God bless is generally a good thing, and thank you to the aussies because they are the only official GW site still hosting the pdf with the rules, the US and British pages seems to have lost that particular bit of information.


----------



## DarknessDawns (Oct 21, 2007)

\we aussies love our website, its retro,


----------



## zabo (Dec 19, 2008)

hey um, I realised that those rules are from 6th edition, anychance they will be updating soon?



DarknessDawns said:


> lol, but what i really wanna know is when are the mods gonna move this thread lol, its fantasy
> plus we aussies love our website, its retro,


but I DID post in the fantasy section, also DoW are fantasy........ either way I am in the right place.

oh sorry I see that you updated your post

Merged triple post - squeek


----------



## DarknessDawns (Oct 21, 2007)

lol, it was my mistake


----------



## Othiem (Apr 20, 2008)

zabo said:


> hey um, I realised that those rules are from 6th edition, anychance they will be updating soon?


Quite the opposite. Currently only the 6th edition books mention that you are allowed to hire DoW units.

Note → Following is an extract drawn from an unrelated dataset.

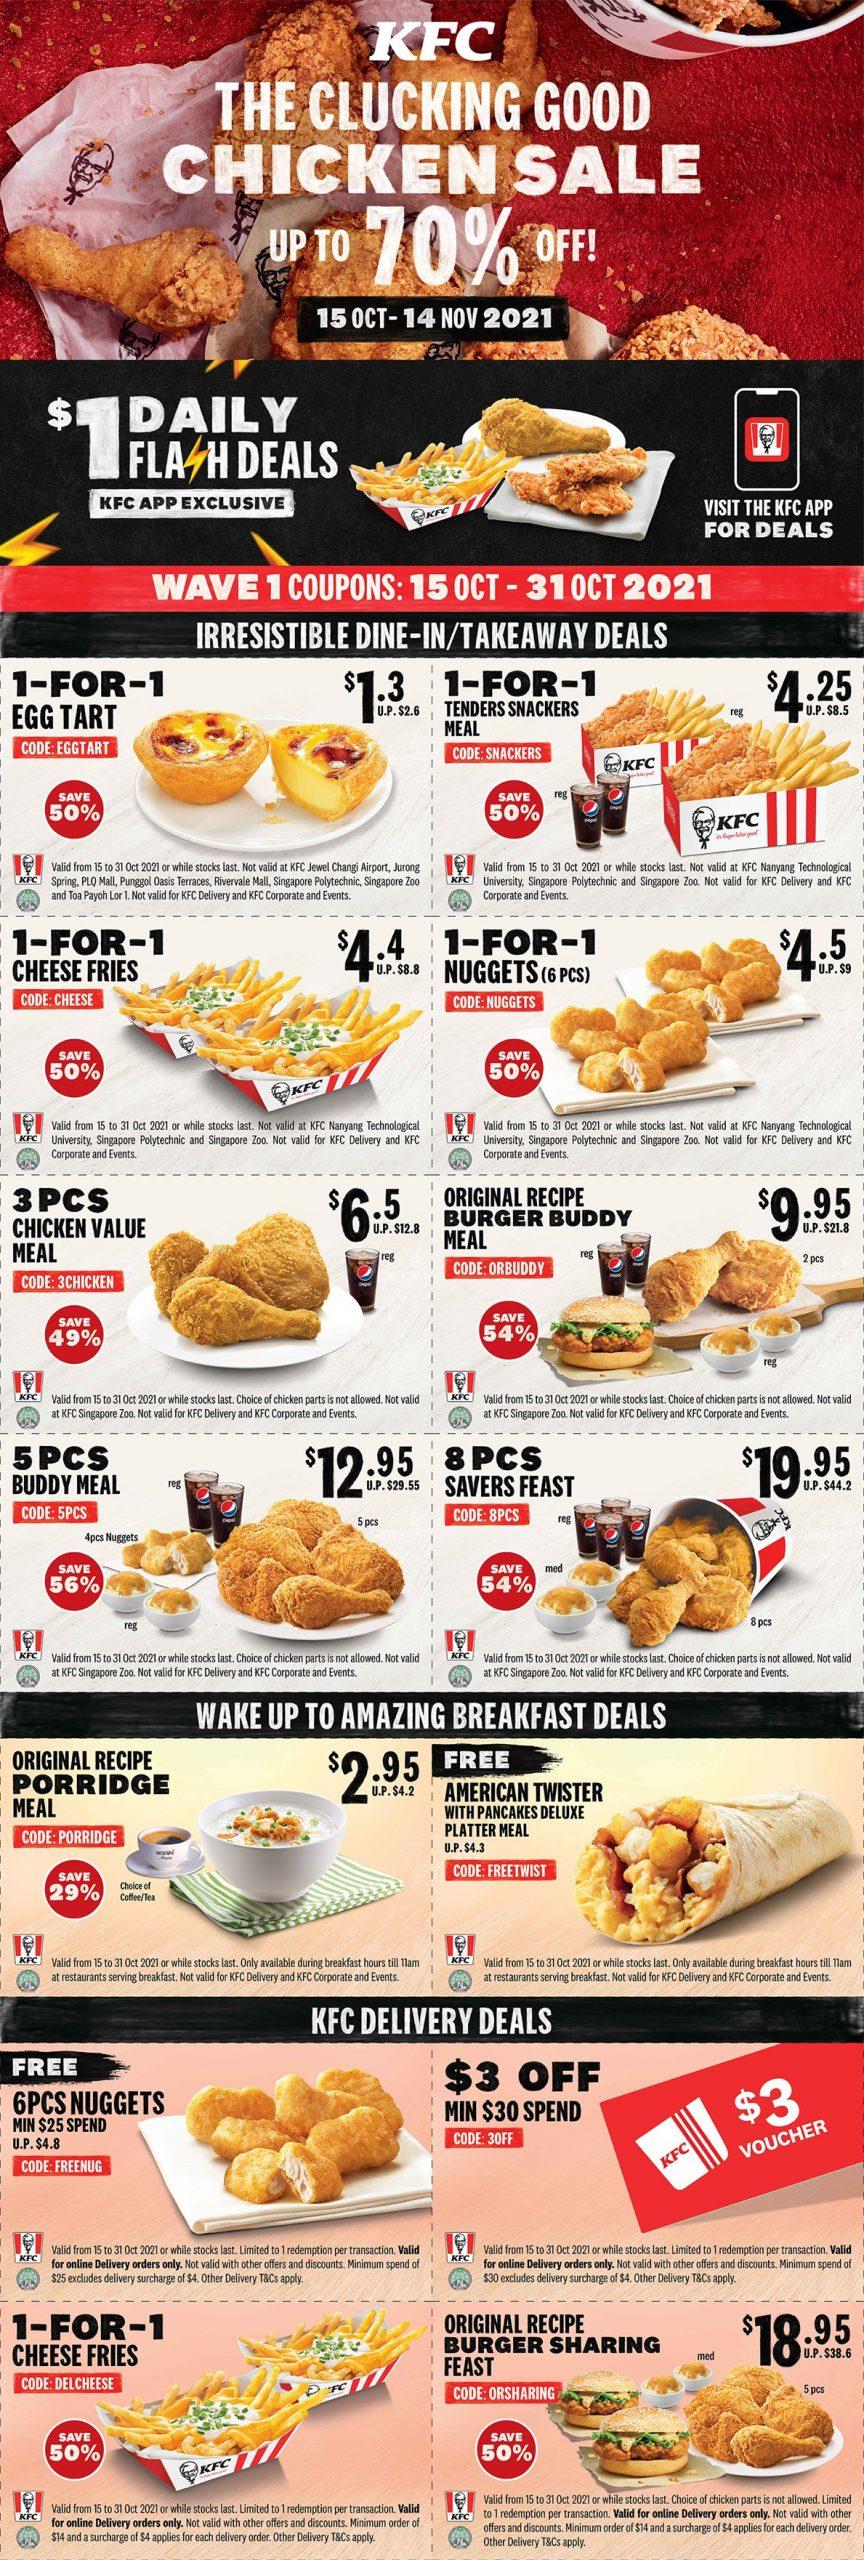 kfc promo coupon

The 7th edition books may not choose from the DoW list. The current trend in army design is to separate out armies, and a DoW list that people can all draw from goes completely against this idea. We're more likely to see the Squats return to 40k before the DoW get a list revamp.


----------



## Underground Heretic (Aug 9, 2008)

Why did you have to reset the clock on the...small people? I really want to see them come back!


----------



## zabo (Dec 19, 2008)

lol, space dwarfs, well the thing is they were really retarded looking, lol. But still awesome none of the less.


----------